Pure by Julianna Baggott

Pub. Date: 2nd February 2012 (UK) 8th February 2012 (US)
Publisher: Headline (UK) Grand Central Publishing (US)
Pages: 448
Series: Pure (#1)
Readership: Adult fiction
Genres: Science fiction, dystopia, post-apocalyptic 
Rating:
★★★★½

Pure would win an award for one of the most imaginative post-apocalyptic worlds I’ve come across. At first, the characters are seemingly in a usual end-of-the-world situation: a cataclysmic event has caused everything to be destroyed; people are left with nothing – no food, no comfortable shelter, just injured bodies and loved ones who have died. But there’s a twist. A horrifying, brilliant twist. I really wish I could mention it in this review – and I was originally going to – but I think it’d ruin the experience of discovering what is strange about this seemingly typical, desolate world.
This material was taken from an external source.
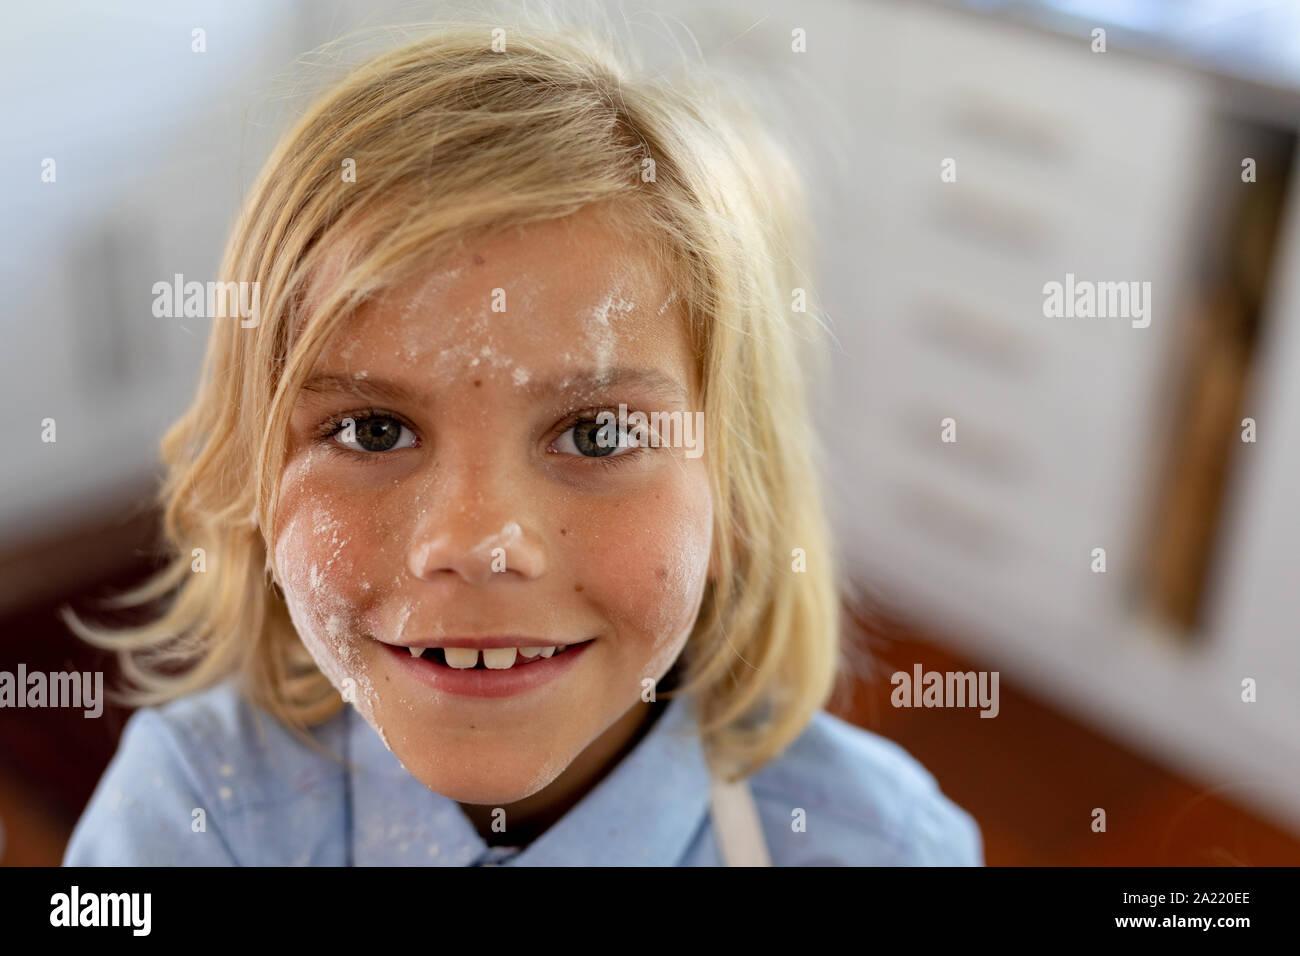 Boy making Christmas cookies à la maison Banque D'Images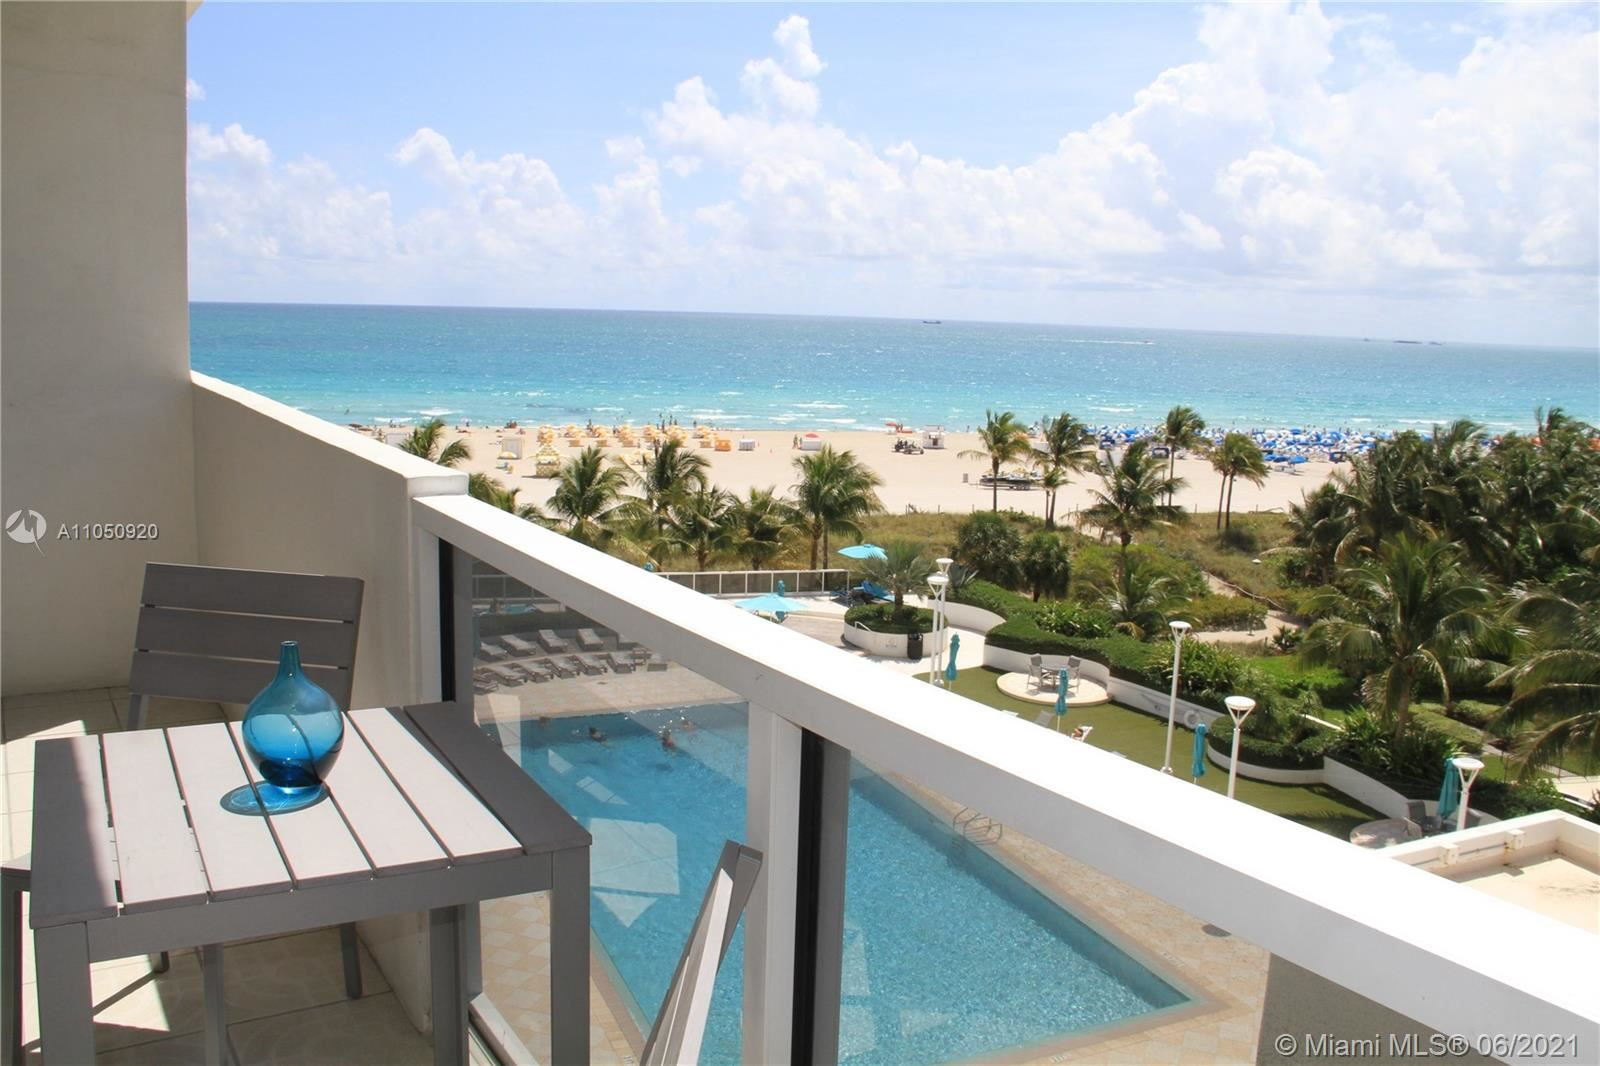 100 Lincoln Rd #640, Miami Beach, FL 33139 - #: A11050920

Pressia barely remembers the Detonations or life Before. Now, before her sixteenth birthday, she has to get away. In her totalitarian society, people have to hand themselves in to the militia at the age of sixteen, where they’re then trained to be soldiers or used as live targets if they’re too injured to perform. Unexpectedly, she meets a Pure called Partridge. Pures are healthy people who live inside the protected Dome, among those who rule society. Somehow Partridge has escaped the safety of the Dome and is searching for someone outside…

Pure is brilliantly written. The story is interesting enough that the slow pace of the novel doesn’t let it down but actually enhances the experience, giving the reader time to comprehend the significance of every truth revealed. It also has host of fascinating characters, including our two protagonists Pressia and Partridge. I loved coming across every new character and trying to work out whether they were good or bad. But Pure‘s characters, like real people, do not neatly fit into one neat category. As demonstrated by the post-Detonations ‘I Remember’ game that those outside of the Dome play, each has their own story to tell. Pressia and Partridge go on a roller coaster of a journey finding out where they both belong in a world where the past is ignored, forgotten, denied.

I only had one issue with the book which is that it’s part of a trilogy. I was disappointed when I began to realise that I wasn’t going to be given the full story. Pure had the potential to be a brilliant standalone novel, but the upside is that we’ll all get to read more of Julianna Baggot’s fantastic story.

Pure is an imaginative, stand out, and complex novel set in a believable post-apocalyptic world. I was thrilled to discover that the movie rights have already been acquired because it’s wonderfully cinematic. It’s definitely a highlight among the myriad of dystopia/post-apocalyptic novels out there right now.

Thank you to the publisher for providing me this book for review!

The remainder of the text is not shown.